An embodiment of a method of generating a first index file is given above, and of course, it can be implemented by other methods well known to those skilled in the art, and the present invention is not limited thereto. Moreover, the first index file may adopt different data structures, and then it may have different generation steps. Since it is a technology known in the art, it will not be described herein.

In an embodiment of the present invention, it is also necessary to generate an independent second index file for each web page. The second index file is independent of each other, and each web page corresponds to a second index file of its own. A second index file describes and records the words contained in the corresponding web page and the number of occurrences of the word. If the B-tree structure is still used, then a second index file is a B-tree and is associated with the first index file by the identity of the corresponding web page.

Referring to Fig. 3, a B tree is taken as an example to show a flow of generating a separate second index file for each web page.

Step S310, determining whether a webpage contains the next word, if not, ending the generating step of the second index file for the webpage; if so, executing step S320;

Step S320, determining whether there is a node corresponding to the word in the B tree of the second index file, if yes, executing step S330, if not, executing step S360;

Step S330, determining whether the identifier (ID) of the webpage exists in the linked list of the first index file pointed to by the word, if yes, executing step S340, if not, executing step S350; step S340, pointing the word The word corresponding to the webpage in the linked list of the first index file is incremented by one;

Step S350, adding the identifier of the webpage to the linked list of the first index file pointed by the word, and setting the corresponding word frequency to 1;

Step S360: Add a node corresponding to the word in the B tree of the second index file, and add the identifier of the web page in the linked list of the first index file, and the frequency of the word is 1.

With the generation method of the above embodiment, the index information storage structure map shown in Fig. 4 is formed for one web page. Therein, a plurality of index nodes 410 are included, and each index node corresponds to one word.

In the embodiment of the present invention, the first index file or the second index file adopts a B-tree. As a data structure, other data structures well known to those skilled in the art may be used as the data storage form of the index file, which is not limited by the present invention.

In the embodiment of the present invention, on the basis of generating the first index file, a second index file is generated independently for each webpage, so that the first index file with a large amount of data can be avoided from being called multiple times, so the data can be improved.
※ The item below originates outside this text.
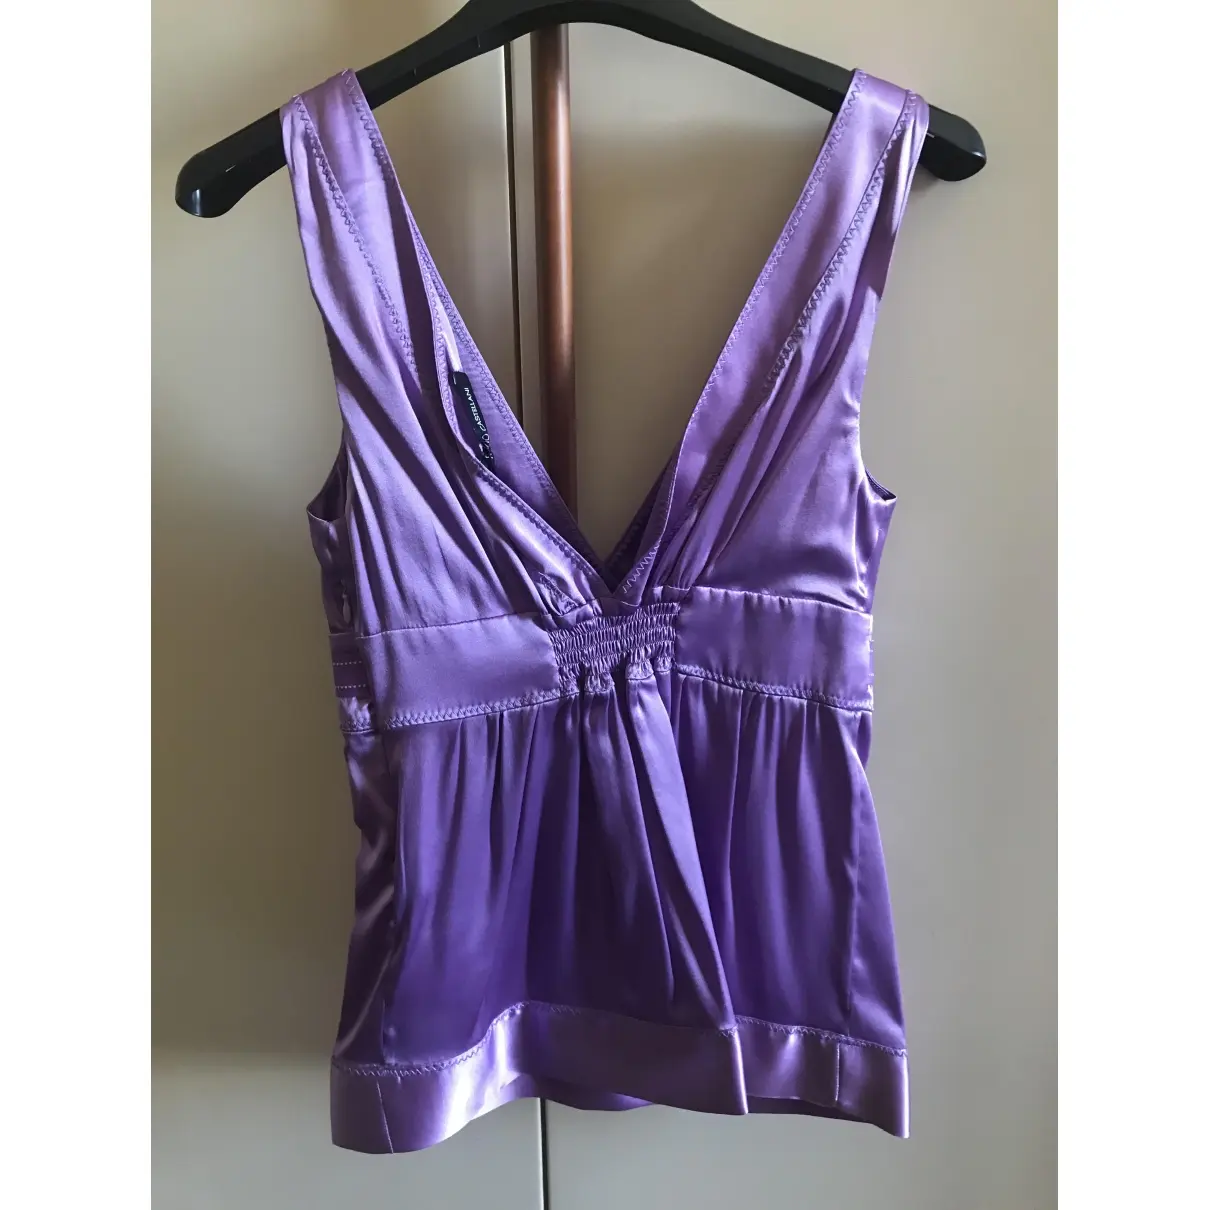 Buy Flavio Castellani Silk camisole online

The speed of the search. Also, it is easier to use multiple tasks (multi-process) to query multiple index files simultaneously, especially when performing advanced searches. The advanced search is generally applicable to a more detailed and accurate search of a web page, and the search condition may include a single condition or a comprehensive condition. The general condition is generally a combination of multiple sub-conditions, each of which is a single condition, and the sub-conditions can be connected by "and", "or", and "not".

Referring to FIG. 5, in an embodiment of the data search method of the present invention, performing data retrieval based on the generated index file includes the following steps:

Step S510: Generate a first index file for all the information that needs to be retrieved.

Step S520, generating an independent second index file for each information.

Then, according to the input keyword, the first index file and the second index file are combined to retrieve the related information. The search may be a general search or an advanced search:

When performing a general search, the first index file is retrieved according to the input query conditions to obtain the relevant information required. In addition, the search results can be sorted based on the number of times the keyword appears in the message and the result is output.

When performing advanced searches, include:

Step S530, decomposing the input query condition;

Step S540: Retrieving the first sub-condition in the first index file, and acquiring an identifier of the information that satisfies the first sub-condition;

Step S550, according to the second sub-condition, performing a search in the second index file corresponding to the information satisfying the first condition.

If the information satisfying the first sub-condition is greater than one, the multi-task may be used to perform the search in the second index file corresponding to the information. Of course, the second index file corresponding to the information satisfying the previous sub-condition may also be retrieved in sequence.

Taking the B tree shown in FIG. 4 as an example, when performing an advanced search, the input query condition can be first decomposed into multiple sub-conditions, and the first index is retrieved in the large index file (first index file). Sub-conditions, the identifiers of all the documents satisfying the first sub-condition are obtained; on this basis, the retrieval for the second sub-conditions is performed sequentially or simultaneously in the small index file (second index file) corresponding to the document identifier. And so on, if there is a next sub-condition, according to the next sub-condition, the search is performed in the second index file corresponding to the document satisfying the previous sub-condition, thereby obtaining a more accurate query result.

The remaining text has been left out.